# Sturmanskie Sputnik S VD78/6811421



## Broncos Fan (Dec 29, 2019)

Hi, new member so go easy if these are stupid questions!

I really love the design of some of their watches and have come to the hobby from the Space angle so their story also interests me.

I like the Gagarin commemorative watch both on design and history grounds so will be a possible 2020 purchase.

My main question is about the Sturmanskie Sputnik S VD78/6811421. It features a small dial showing Sputnik above the 6. Does this dial rotate or do anything, eg similar moonphase dial or is it just ornimentation?

Happy hearing comments on both watches


----------



## vinn (Jun 14, 2015)

welcome to the forum. are you going to collect and repair? vin


----------



## Lampoc (Oct 31, 2010)

The entire sub-dial rotates 360 degrees every minute - it's just a replacement for a second hand.


----------



## WRENCH (Jun 20, 2016)

As above, and it's a Seiko VD78 quartz movement.


----------



## Broncos Fan (Dec 29, 2019)

Lampoc said:


> The entire sub-dial rotates 360 degrees every minute - it's just a replacement for a second hand.

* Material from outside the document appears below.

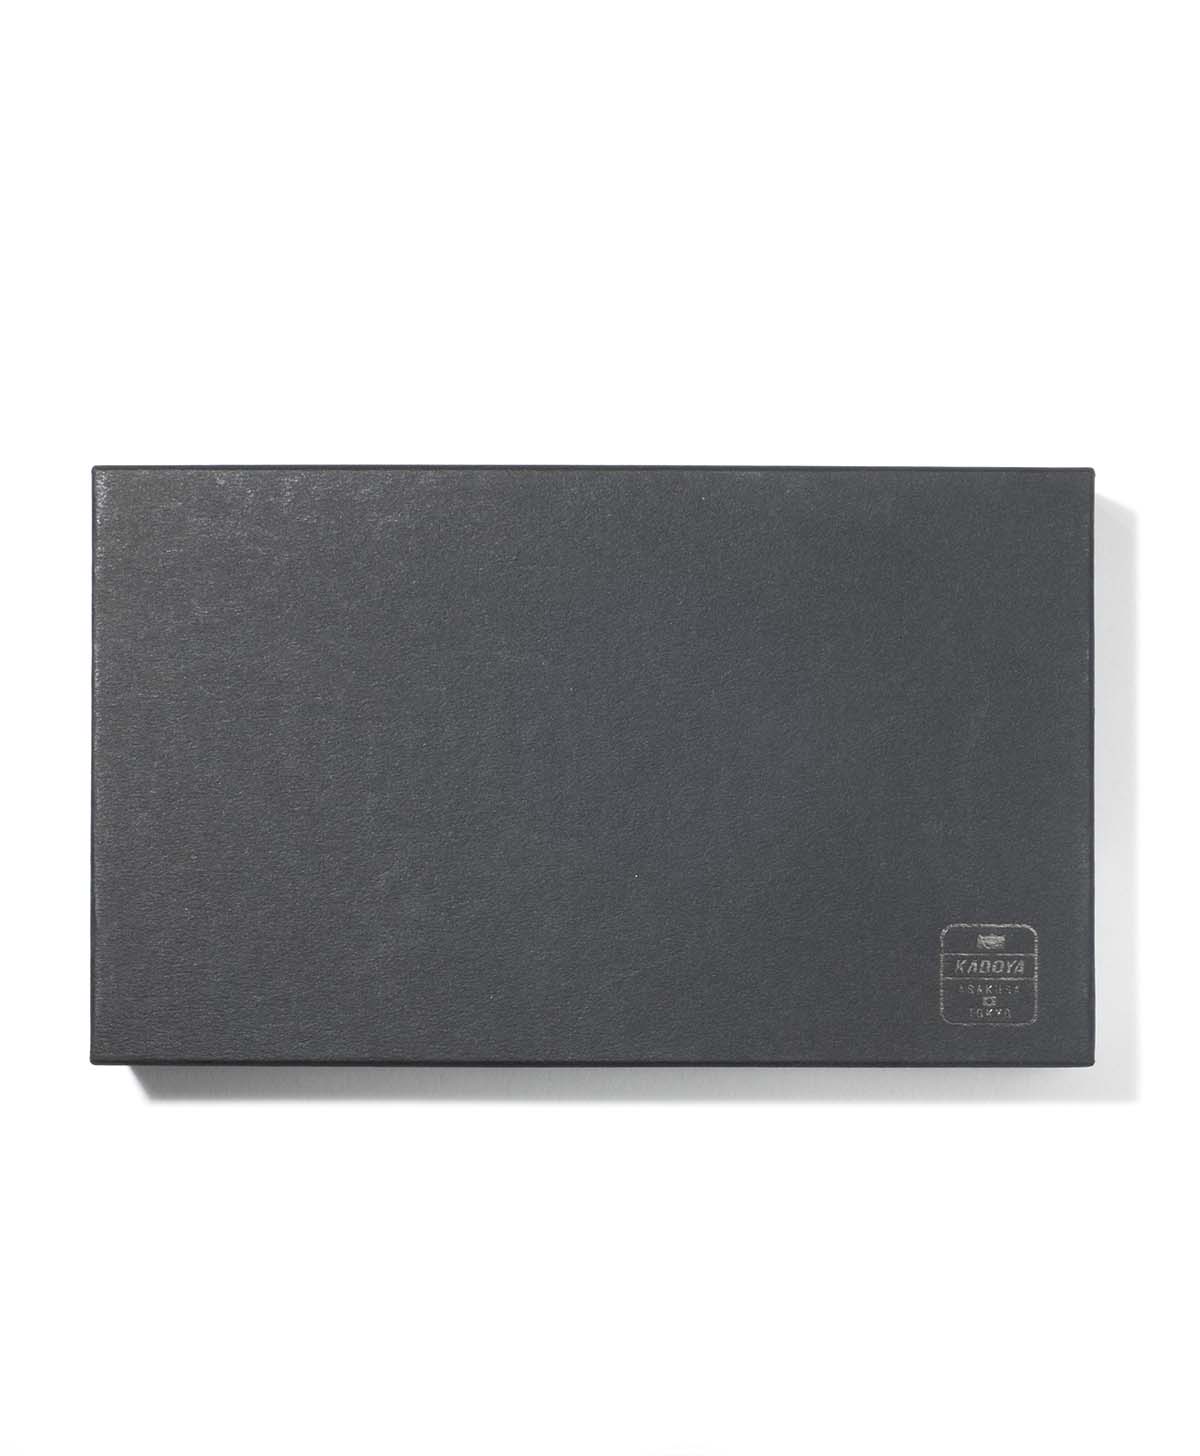 L portefeuille compact à zip / noir

 Thanks Lampoc, I do love it as a well conceived relevant design feature. I've found some photographs now showing the dial various positions.



vinn said:


> welcome to the forum. are you going to collect and repair? vin


 Hi Vin, I would nt at first repair muself so looking at new watches, or, budget price dependant, vintage used in gwo


----------